Biohack 2: Try a one-sentence journal check-in

Traditional journalling is wonderful, says Dr Mort, but also the first thing people drop when life gets hectic. Instead, she recommends a one-sentence check-in.

‘It takes 10 seconds and still gives the psychological benefits of emotional labelling, which research shows can calm the brain and create control.’

The prompt is very simple: What is the headline of my mood right now? Write that single sentence down.

You could then ask: What is the smallest thing my future self would thank me for doing next? ‘That tiny pivot towards agency is often enough to move you out of a spiral.’

Biohack 3: Use your breathing as an emotional dashboard

Noticing your breathing is like taking a scan of how you’re feeling, describes Tiwari.

‘If you’re stressed or anxious, you’re likely to breathe short, sharp and shallow,’ she says. ‘This type of breathing doesn’t allow for the most amount of oxygen to flow through the body, so you’re not as energised as you would be breathing into the belly and diaphragm.’

Tiwari says a great way to reset is with humming breath (bhramari pranayama), where you inhale through your nose and exhale while humming.

Research shows that humming increases the amount of nitric oxide we produce by 15 times, which boosts serotonin, dopamine and oxytocin, as well as immunity and circulation.

The minimalist guide to nutrition

Biohack 1: Aim for 30 plants per week

This guideline does so much, enthuses health coach Sunni Torgman.

‘There’s evidence that people who eat 30+ plants per week have better gut health and general health outcomes than people who eat 10 or fewer.’

It’s easier to achieve than it sounds: a mushroom and lentil stew can contain 12 plants, for instance.

Aiming for this target means you’ll also eat 25 to 30g of fibre per day, which is important in lowering cholesterol and reducing the risk of heart disease, stroke, type 2 diabetes and bowel cancer.

While diet culture often links healthiness with cutting back, embracing a food rule that encourages abundance fosters a healthier mental relationship with food, too.

Biohack 2: You need fewer supplements than you think

From the UK National Diet and Nutrition Survey data, nutritionist Tina Lond-Caulk correlates women’s nutrient needs to different reproductive stages.

Women trying to conceive often lack iron, calcium, iodine, folate and omega-3, as well as being low in magnesium and selenium.

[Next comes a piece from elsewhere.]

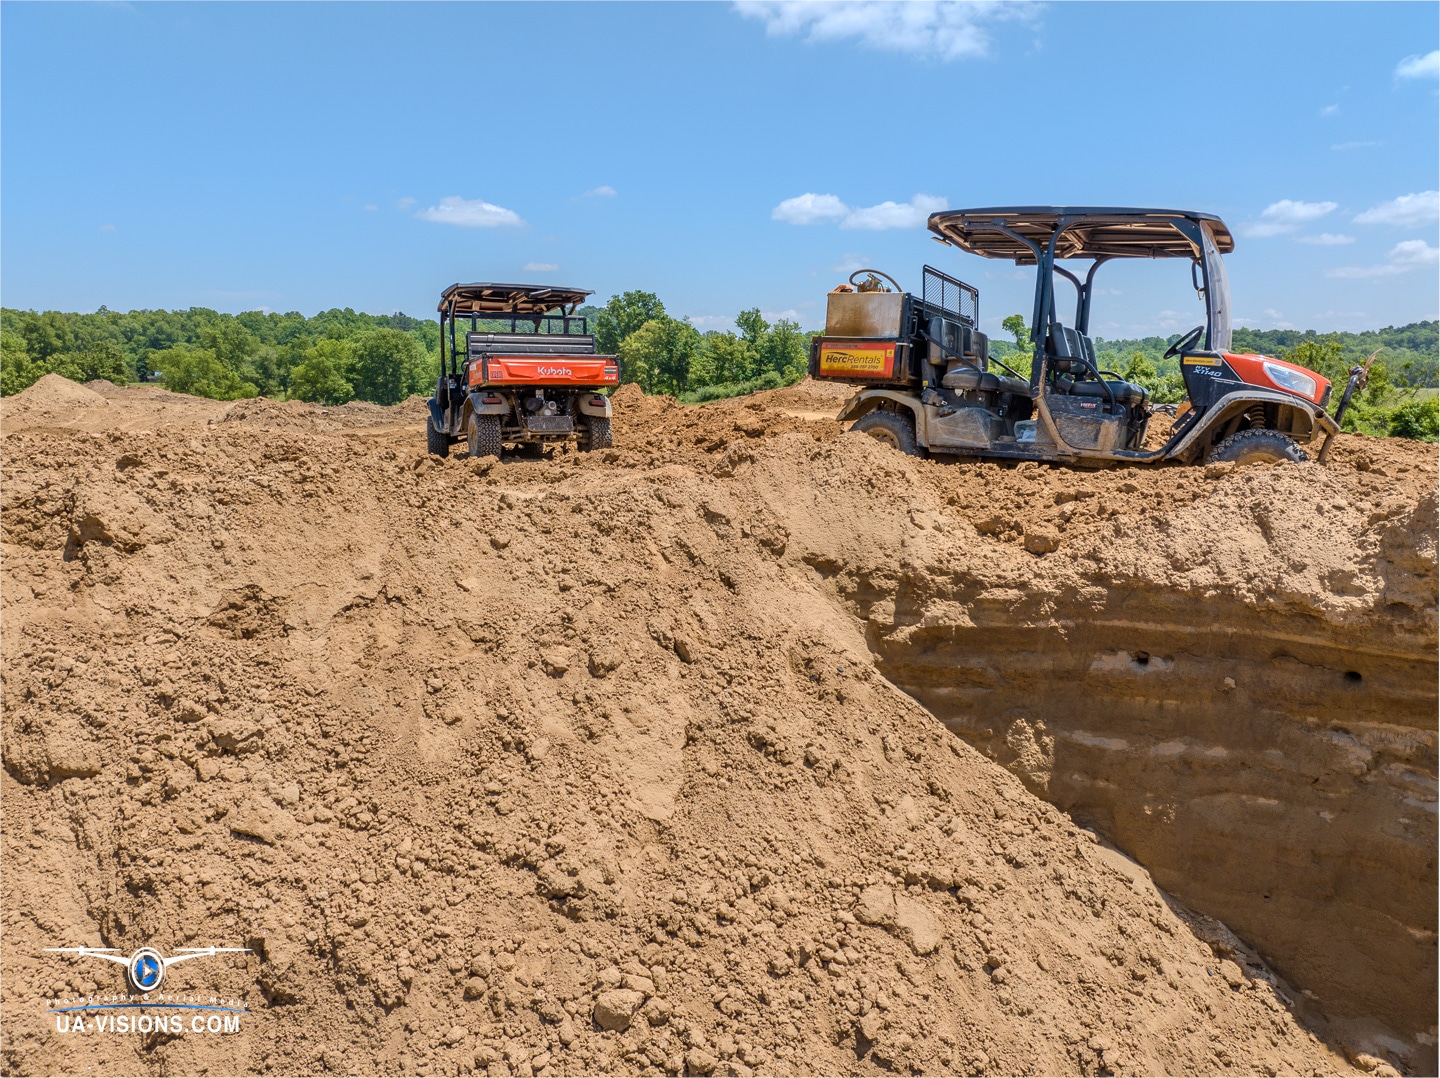 UA-Visions captures a moment of solitude with a Kubota perched atop a mound, shaping Ashton's landscape.

During menopause, vitamin D, calcium and protein become important for bone and muscle health.

She recommends daily leafy greens, beans, tofu, dairy/fortified plant milks, oily fish, eggs, nuts, seeds and wholegrains.

Otherwise, weak UK sunlight necessitates a vitamin D supplement between October and March, folic acid is essential pre-conception and early pregnancy, and omega-3 and iodine are useful if you rarely eat fish or dairy.

Biohack 3: Eat at regular intervals

Establishing a regular pattern around food is a foundational step, says Torgman – who encourages going no longer than four hours without eating.

‘Intermittent fasting is popular, but the biggest risk factor for bingeing is restriction,’ she confirms.

‘A lot of my clients struggle with overeating in the evenings, for example, and one of the biggest reasons is not eating enough throughout the day.’